Thursday, 8 December 2016

Christmas 2016--the winter of my discontent...or one of them anyway.

Oh, I'm still happier than average living in the afterglow of the US elections last month. All the liberal tears and whiny protests, recounts and adulation of diaper pins truly warmed my heart, opened a floodgate of hilarious memes, and in general bolstered mood with the feeling of Christmas coming early for once...but now some weeks later 'real' Christmas is very near and it has brought the hard time blues with it.

More personal info for my 10+ readers. I live and work as an English teacher in the United Arab Emirates. I'm now 1/3 through my 7th year--don't know when I broke the mirror in 2010, but nevertheless here I am. One year prior to this I had the same job with less pay out in Taiwan. Yes, I managed to avoid--save for vacation time--the entirety of the Obama Error. Well, neither of these nations REALLY celebrate Christmas. I'm just lucky that our end of trimester 1 break happens to fall at Christmas time. This causes me to miss a lot of the celebrations that I love back at home--the two weeks we get for break time just can't justify the cost--physically and financially--involved in making the trip out. I've been able to visit Belgium, Romania, Germany, France and the Philippines during these winter breaks--some being closer to Christmases like the ones I used to know than others, and all being fun in their own ways, but as the song says, there's no place like home for the holidays. ...and now I'll never be able to go back there.

I can--and most likely will--physically return to the U.S. and to my home state of Georgia eventually. Hopefully, I'll be there for many Christmas seasons to come, but it will never be the same. You see my Dad passed away back on December 12, 2010. Because I didn't get to visit during my year in Taiwan, this will be my eighth Christmas without him. It's hard to believe that it's been nearly a decade now...and this time of year still hasn't gotten any easier. My Mom is still alive and in good health living in and taking care of the house that my wife and I are buying, but it seems that I can't get out there at Christmas time to see her no matter how much I plan. This year there's been another bump in the road...and right at the same time of year no less.
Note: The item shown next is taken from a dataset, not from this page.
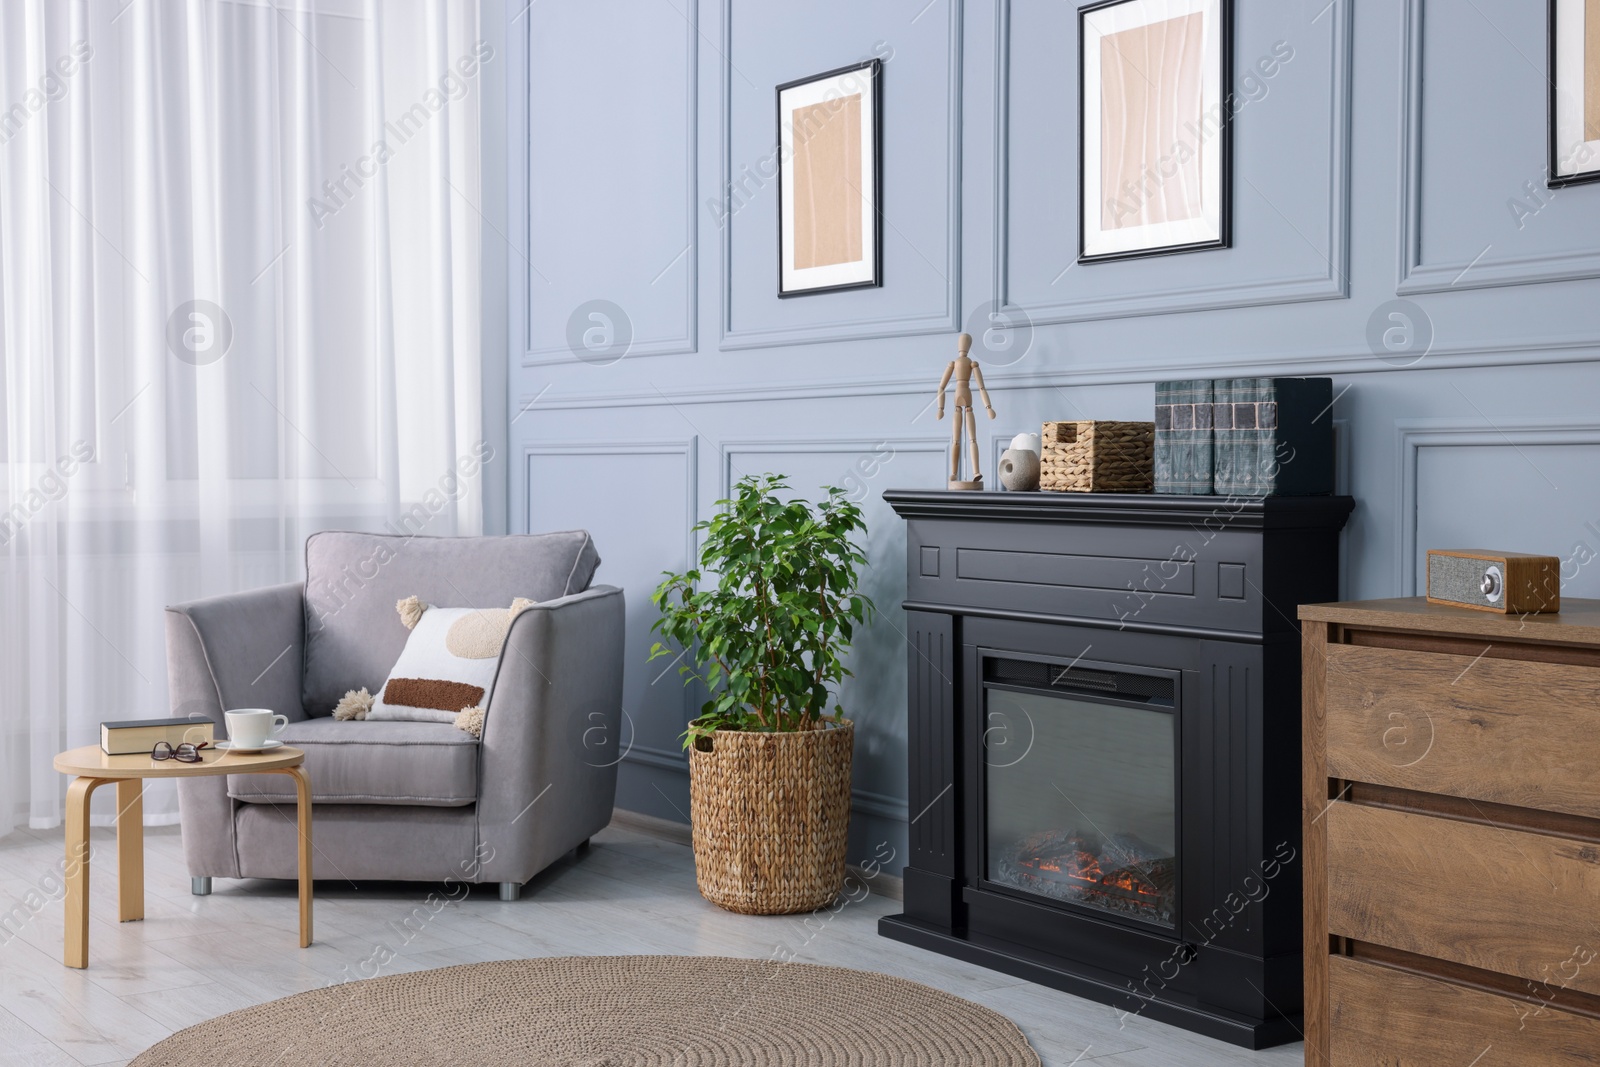 Photo of Black stylish fireplace near potted plant and armchair in cosy living room

This past summer, my wife--who has always had thyroid trouble--was fortunate enough to catch a cancerous growth during one of her routine check-ups. Long story short, she had to have a complete thyroidectomy. The operation was a success, but the standard follow-up is for the patient to take a radioactive isotope to wipe out any of the cells that may have been missed. We went through a series of planning/appointments/lab tests/diets over the past couple of months meandering along until--who could have guessed--December 12th. On that day--four days from now as I'm writing--she will swallow this isotope and for all intents be emitting radiation for about three weeks. That means no Christmas with the wife--and it means having yet another staycation in the non-Christmas celebrating UAE. :(

So, as we enter our last weekend together before she goes nuclear, the wife and I will have a lot of arrangements to make when it comes to my daughter. Yes, it will be three weeks wherein DaDa has to be the primary caregiver for his 2-year old. I'm sure it's going to be wild as I am the very definition of the stereotypical bumbling father. I hope she has a good Christmastime with me even if her mother and her grandma can't. It also--maybe for the first time--dawns on me that I'm the Dad now. My wife and I will be making memories for the little girl, and one day she'll be missing me the way that I miss my own Dad.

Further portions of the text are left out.